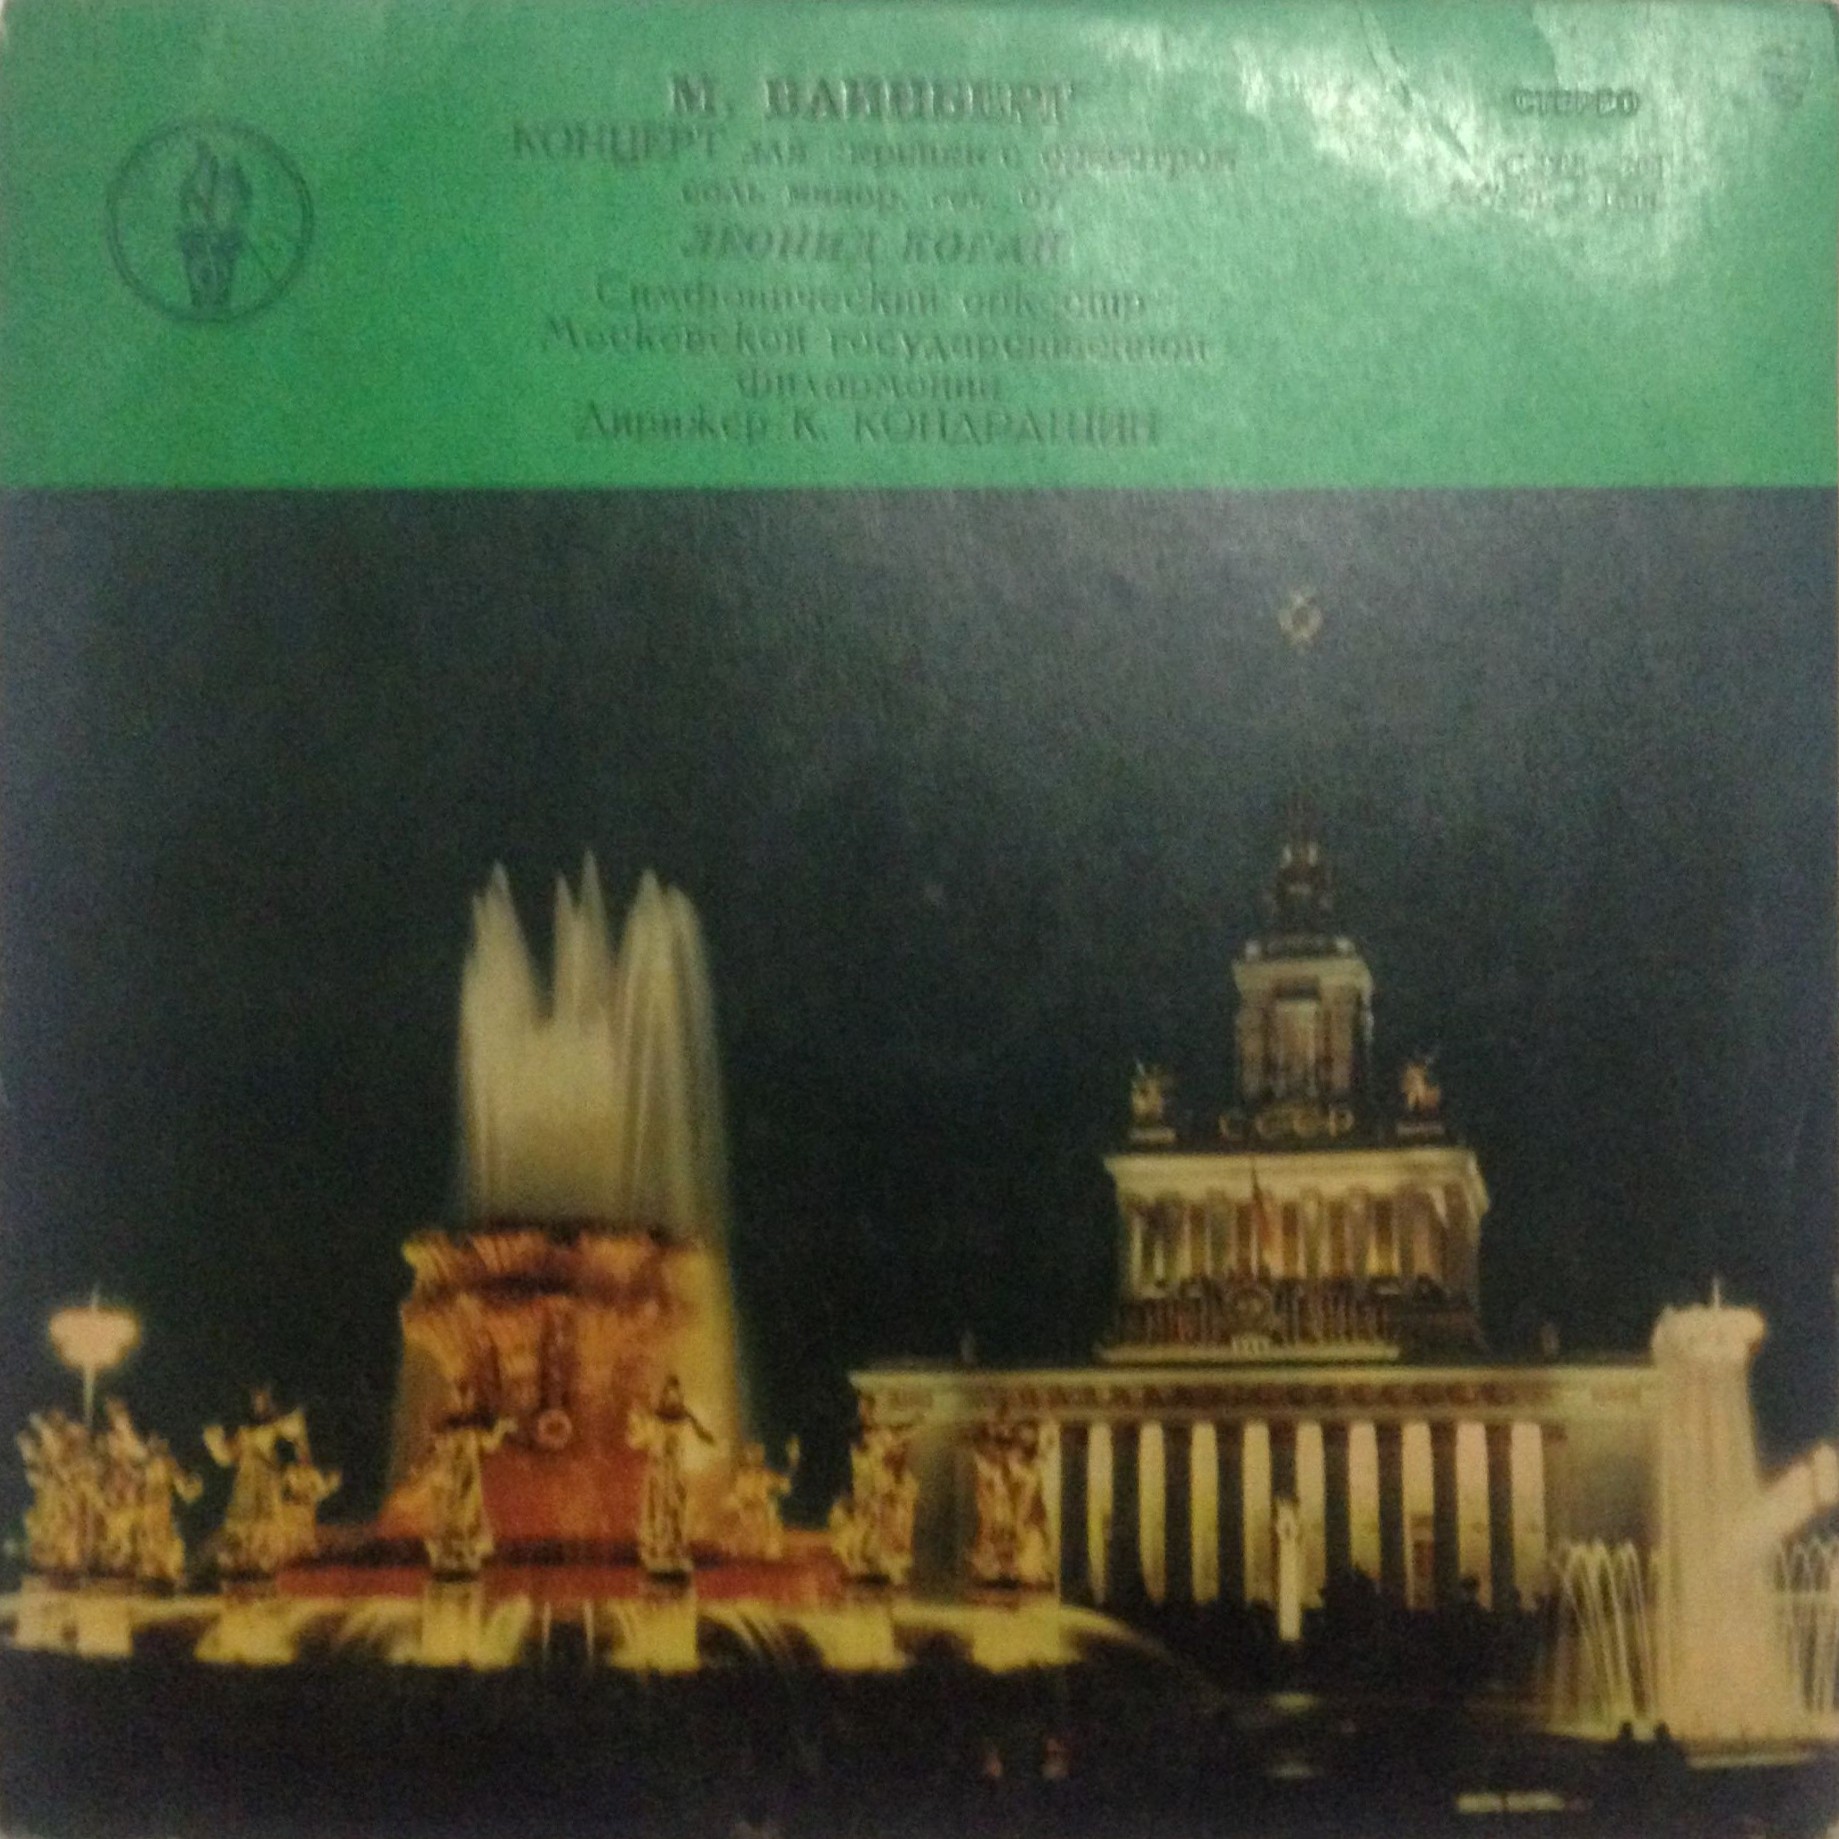 М. ВАЙНБЕРГ (1919-1996) Концерт для скрипки с оркестром (Л. Коган, К. Кондрашин)
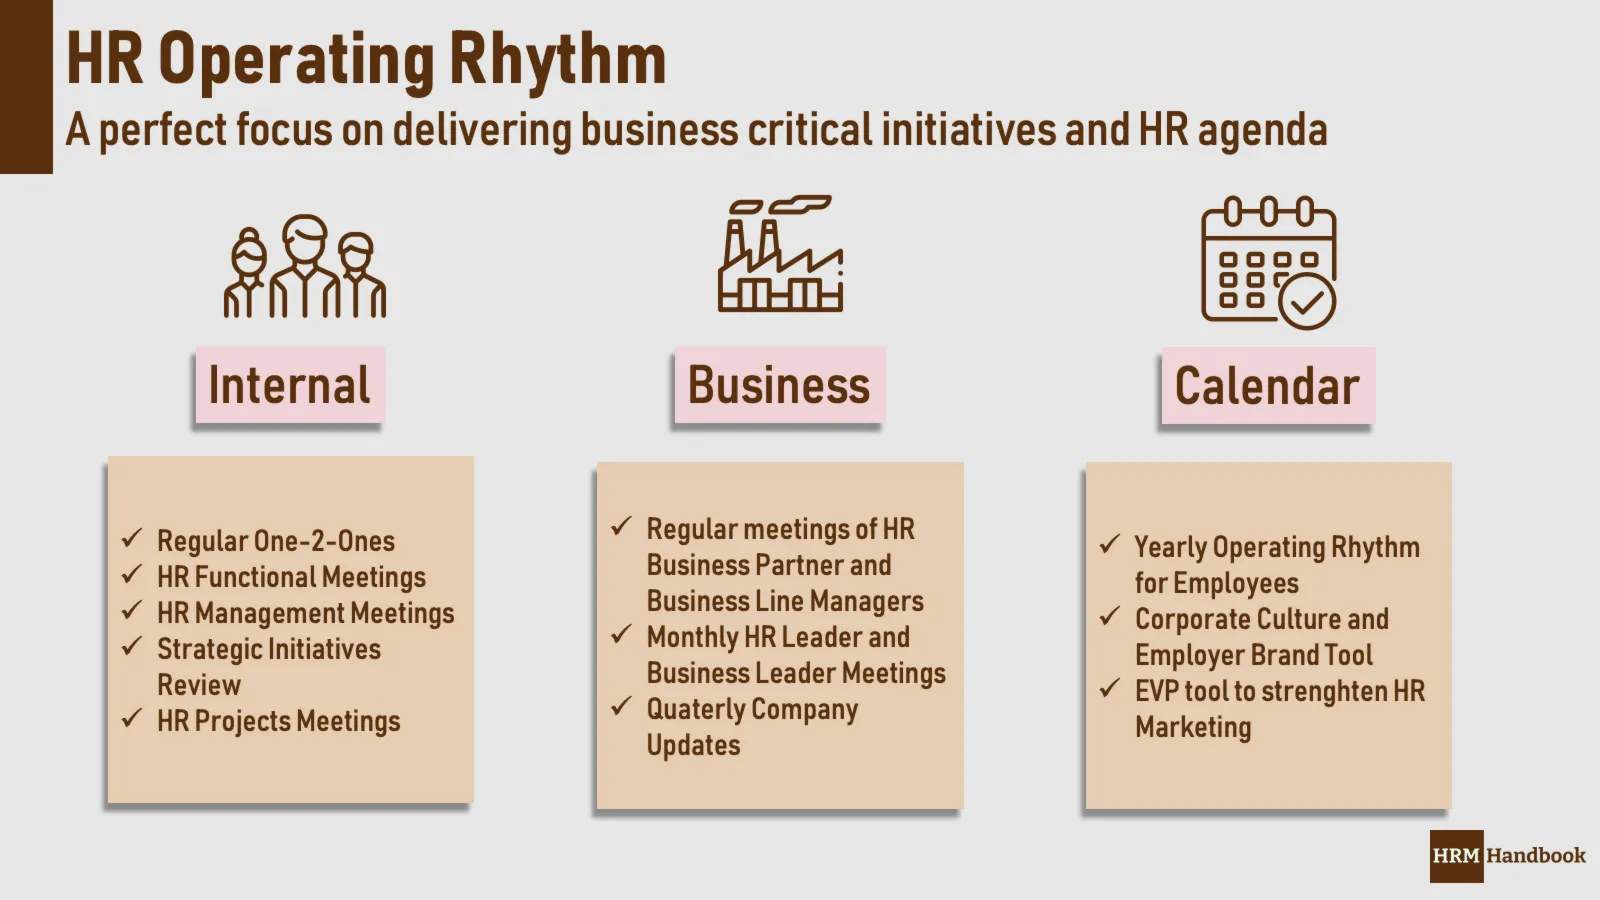 HR Operating Rhythm in a Detail
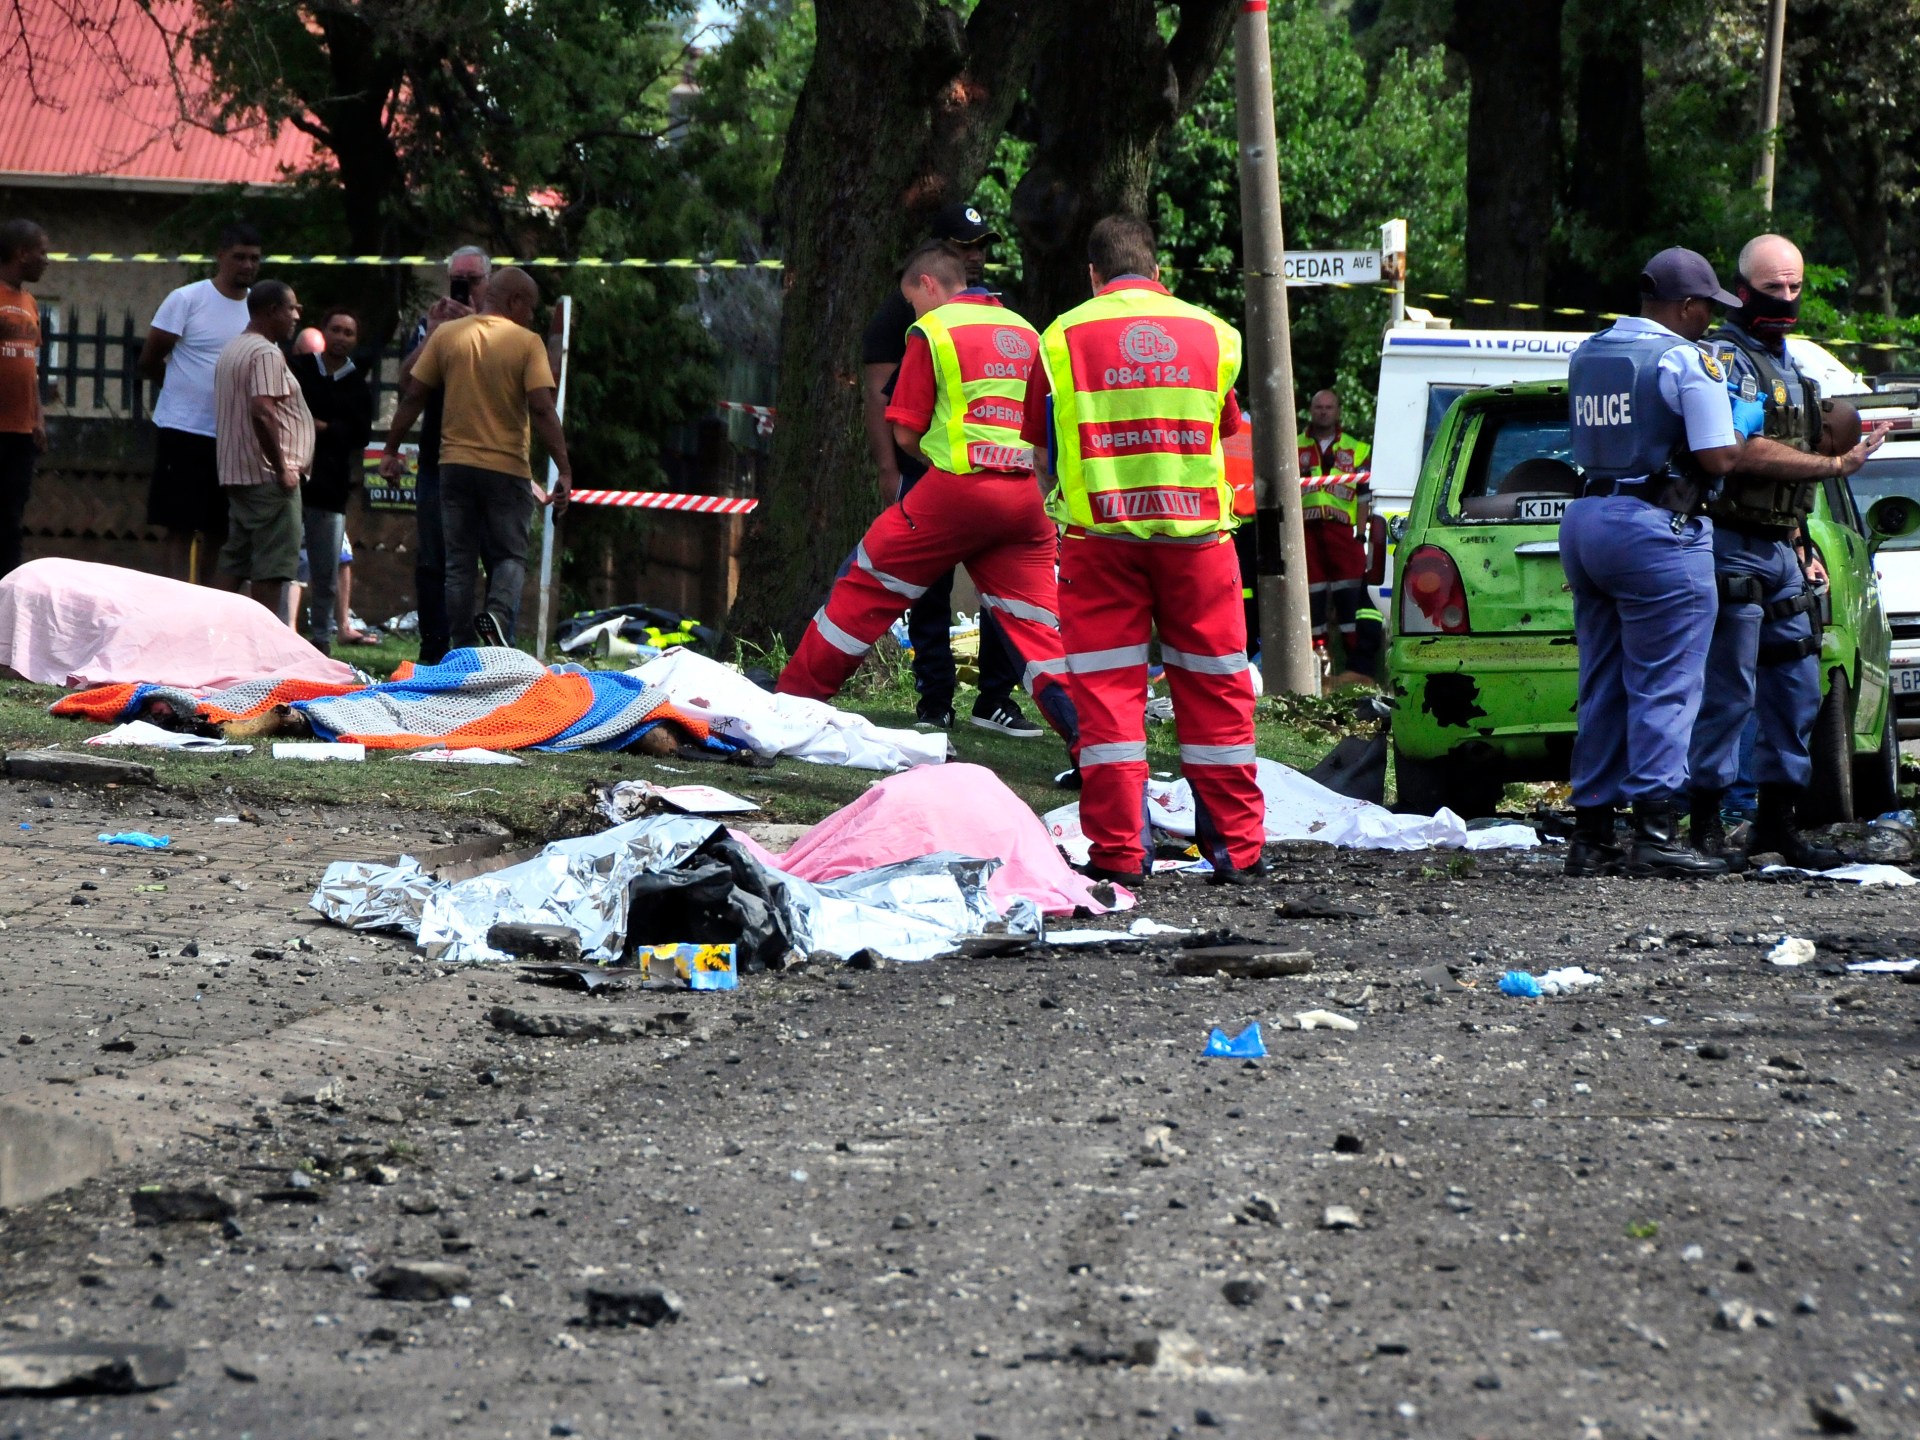 L’Afrique du Sud pleure les victimes de l’explosion d’un pétrolier, le nombre de morts s’élève à 34 |  Infos santé
· · · ·
# [YOUR TASK]
An exact transcription of the material is required, without any pictures.

# [SOLUTION TO THIS TASK]
 М. ВАЙНБЕРГ (1919-1996) Концерт для скрипки с оркестром (Л. Коган, К. Кондрашин)
 HR Operating Rhythm in a Detail
 L’Afrique du Sud pleure les victimes de l’explosion d’un pétrolier, le nombre de morts s’élève à 34 |  Infos santé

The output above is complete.